◆ WHAT IS NEEDED ◆
Your answer must be the line containing "Natasha Gregson Wagner" and each following line to the end of the listing below, copied exactly, with pictures removed and nothing added.

◆ SOURCE DATA ◆
◇ ◇ ◇ ◇ ◇ ◇ ◇

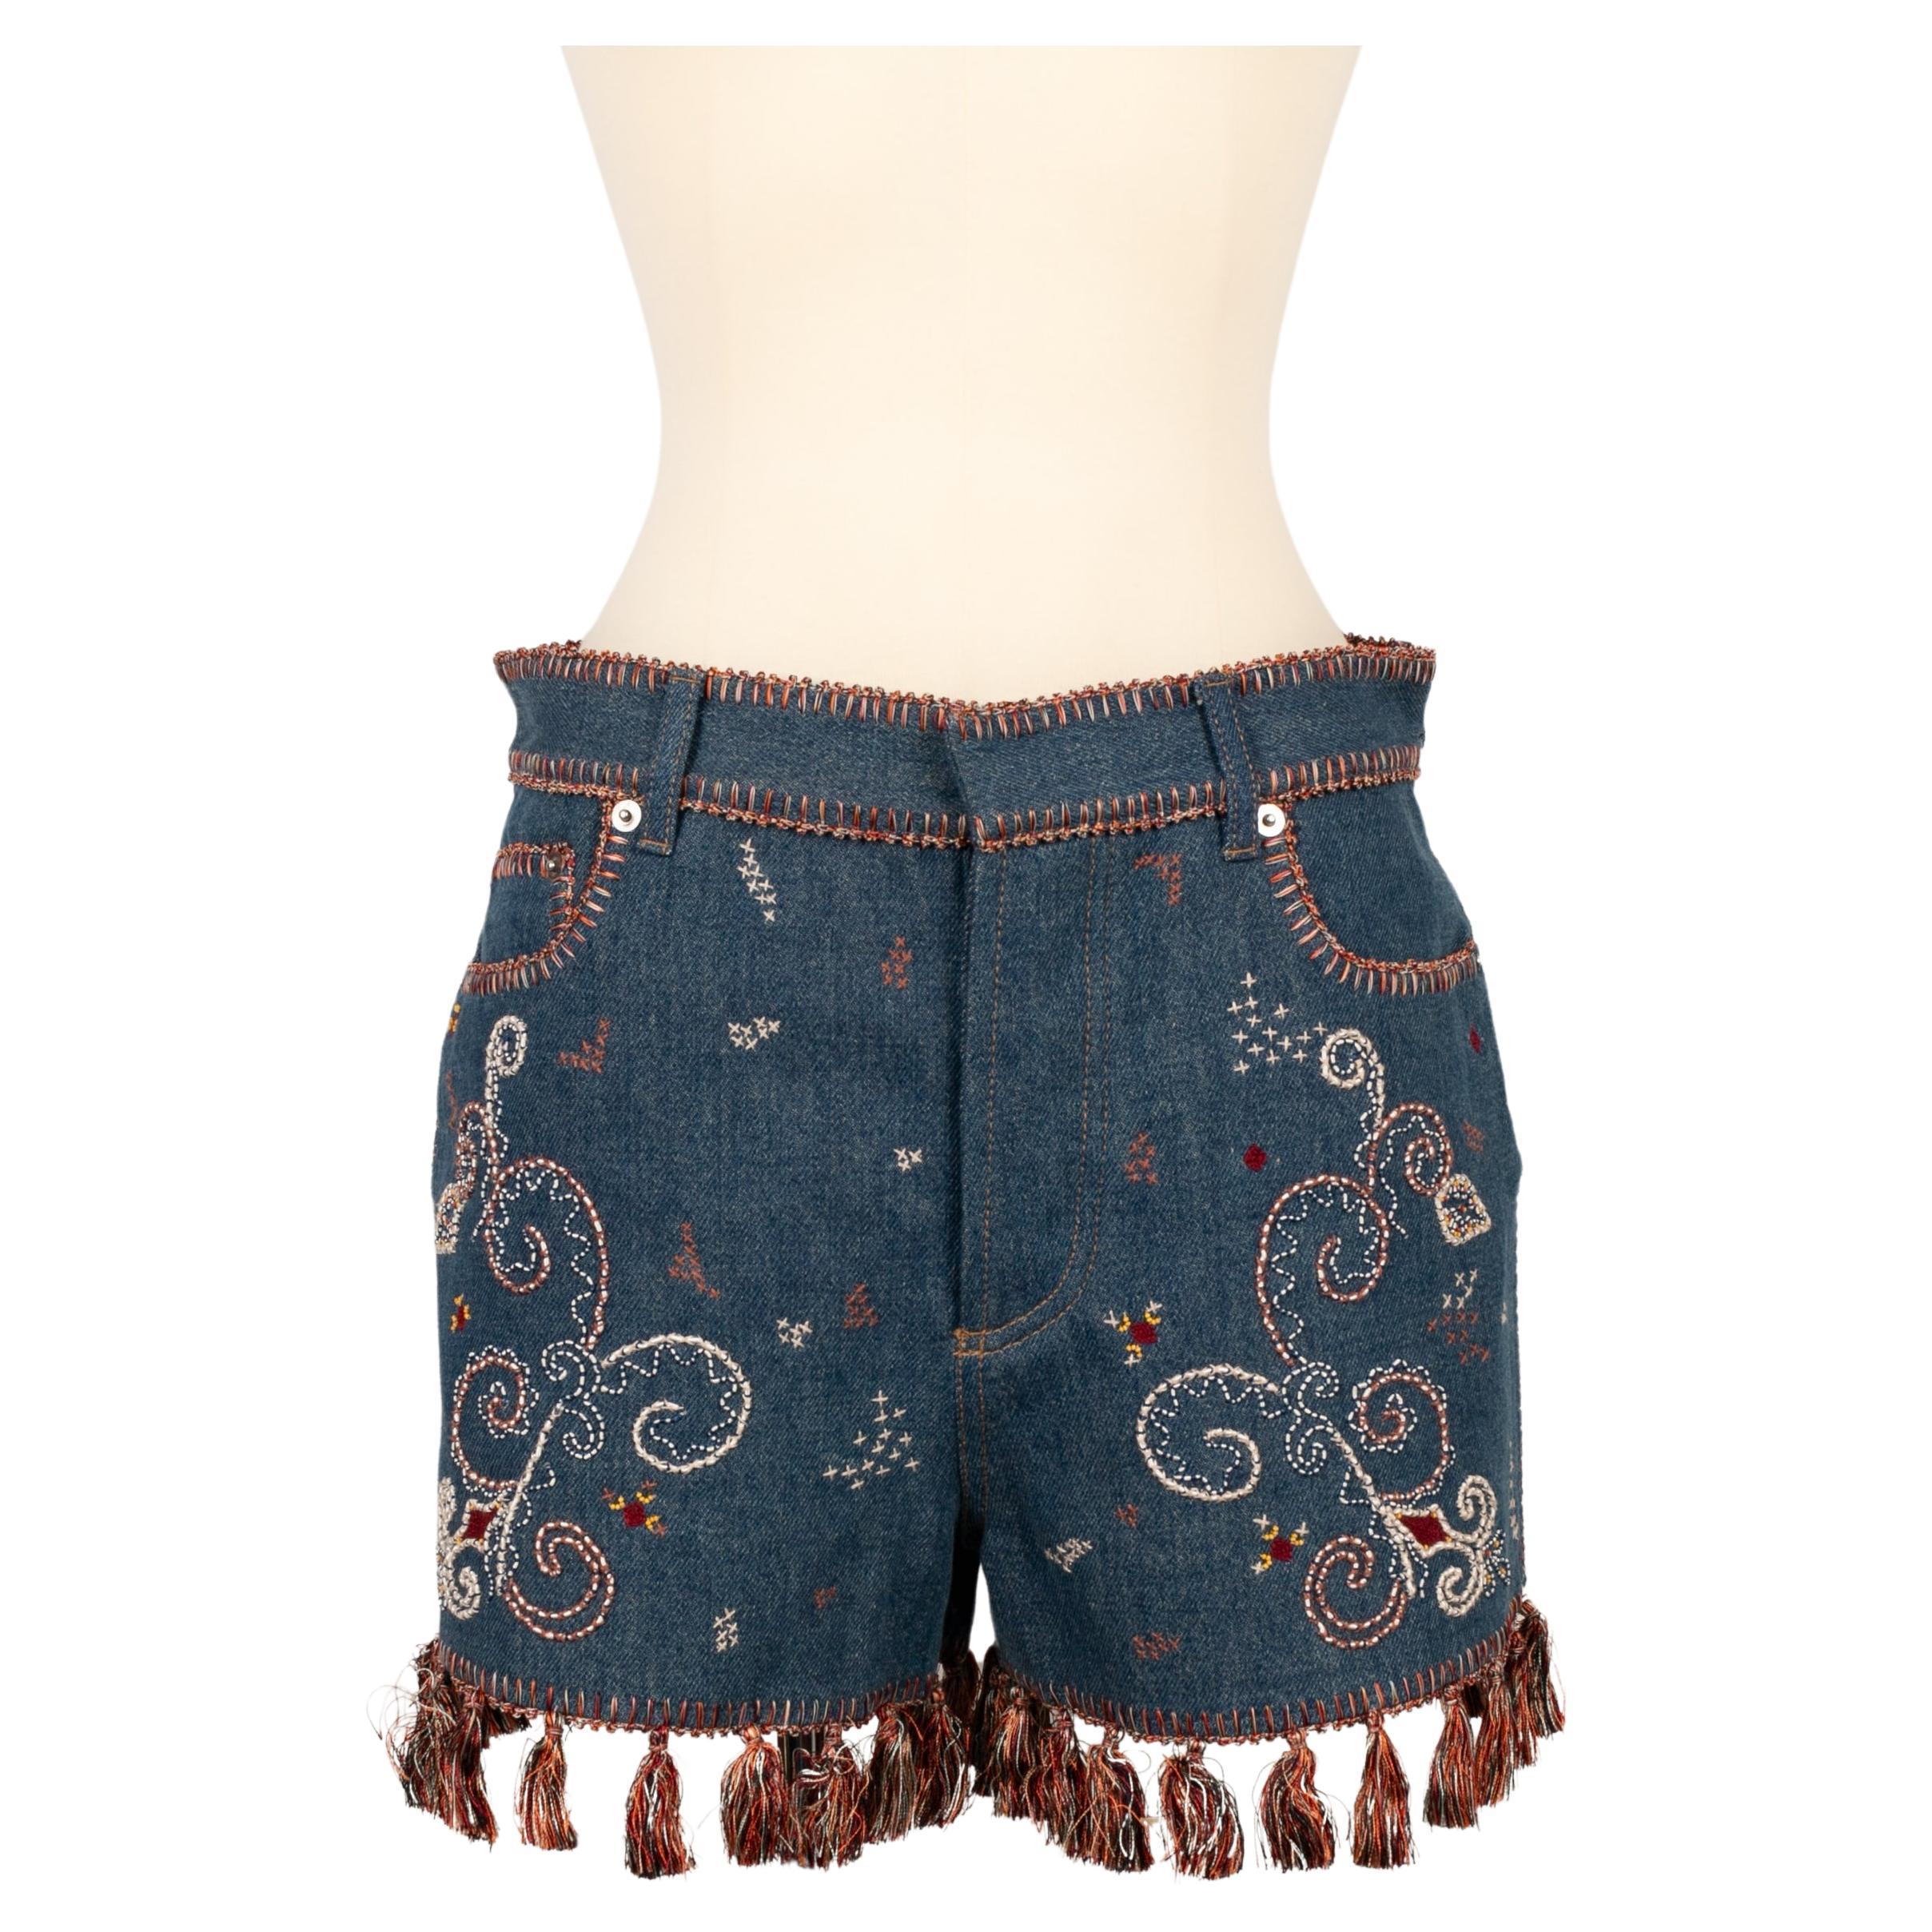 Dior Denim Shorts Sewn with Pearls and Trimmings Ornaments, 2008 For Sale
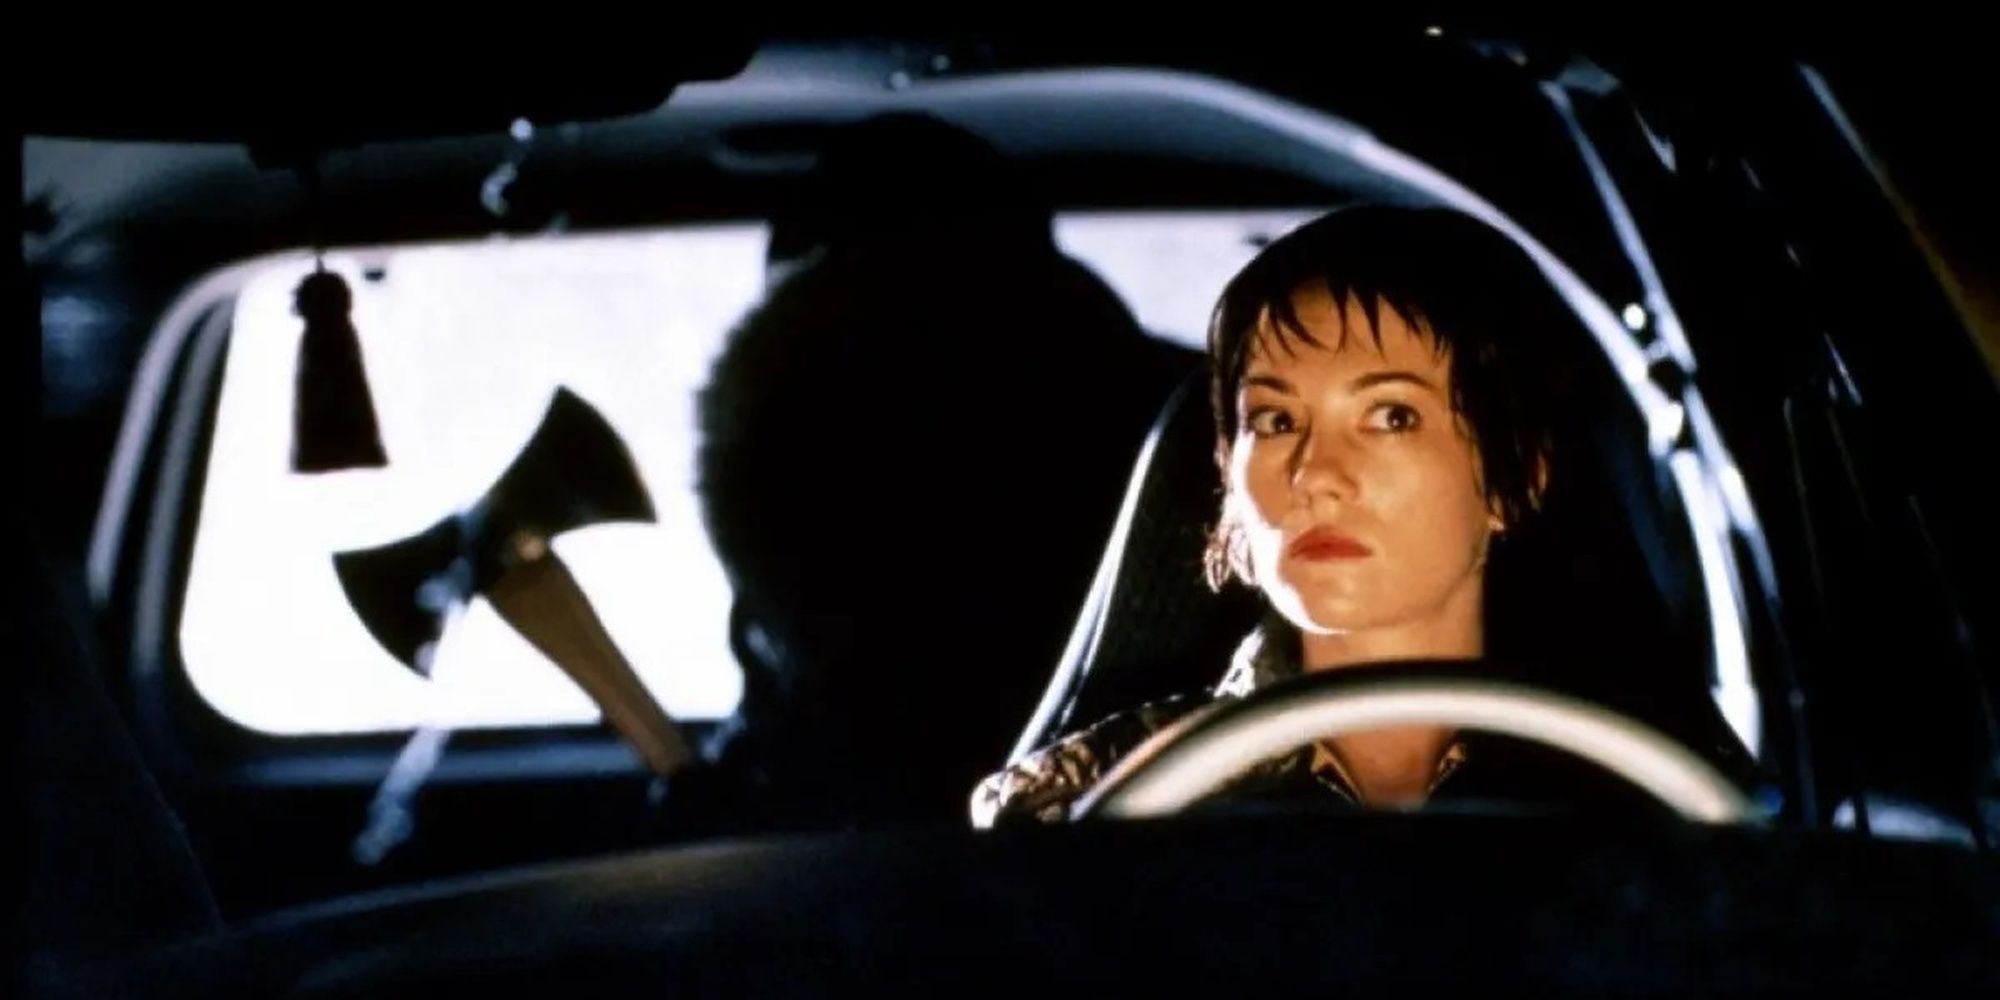 Natasha Gregson Wagner driving while a killer hides in the backseat in Urban Legend
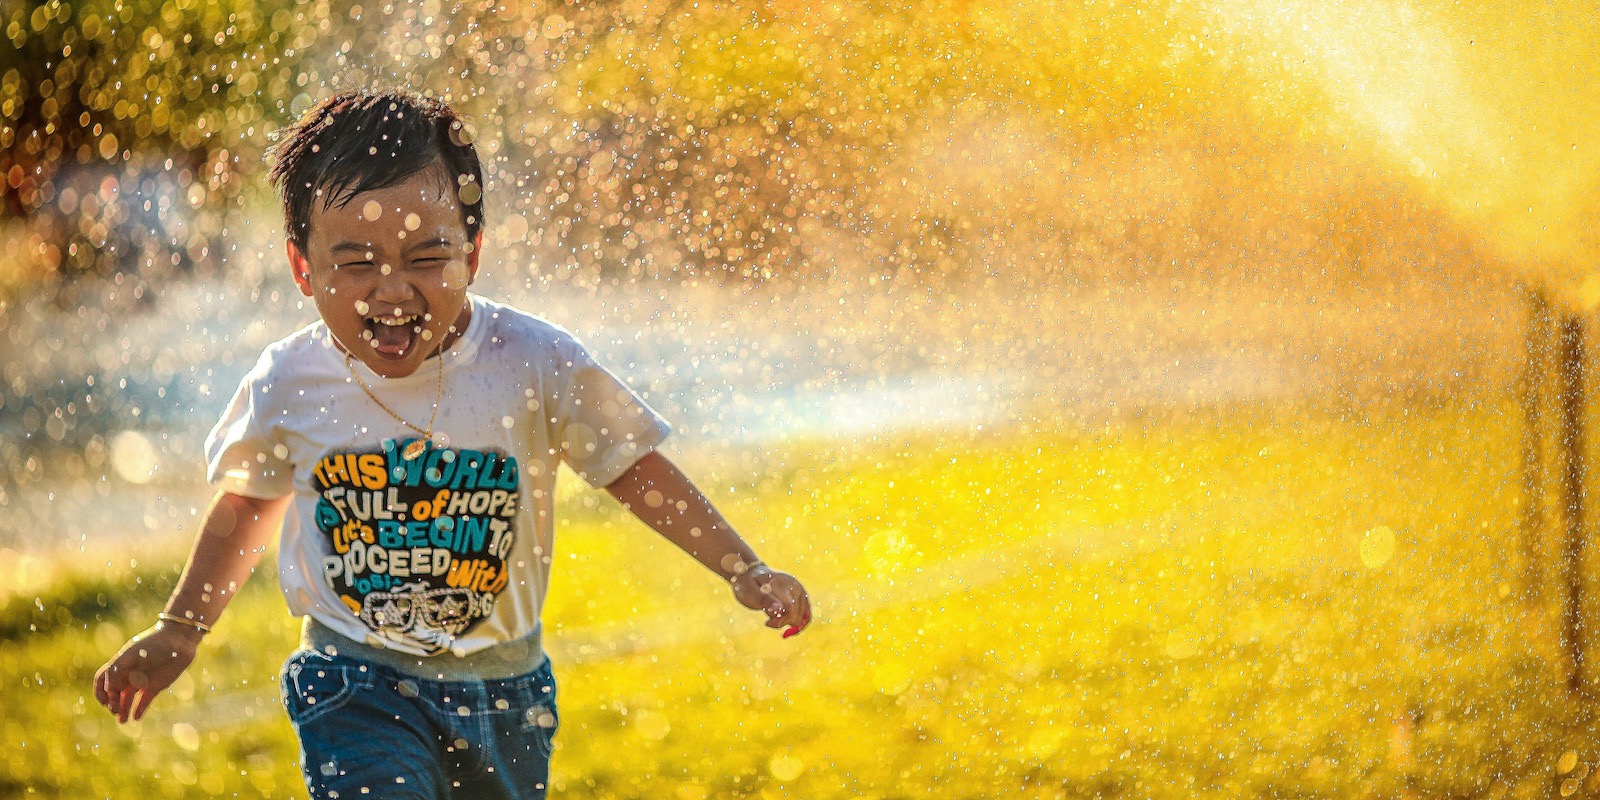 A young Asian boy with short hair, a graphic t-shirt and jeans smiles as he runs through a sprinkler with golden light and water splaying behind him.

◇ ◇ ◇ ◇ ◇ ◇ ◇

◆ TASK RESULT ◆
 Natasha Gregson Wagner driving while a killer hides in the backseat in Urban Legend
 A young Asian boy with short hair, a graphic t-shirt and jeans smiles as he runs through a sprinkler with golden light and water splaying behind him.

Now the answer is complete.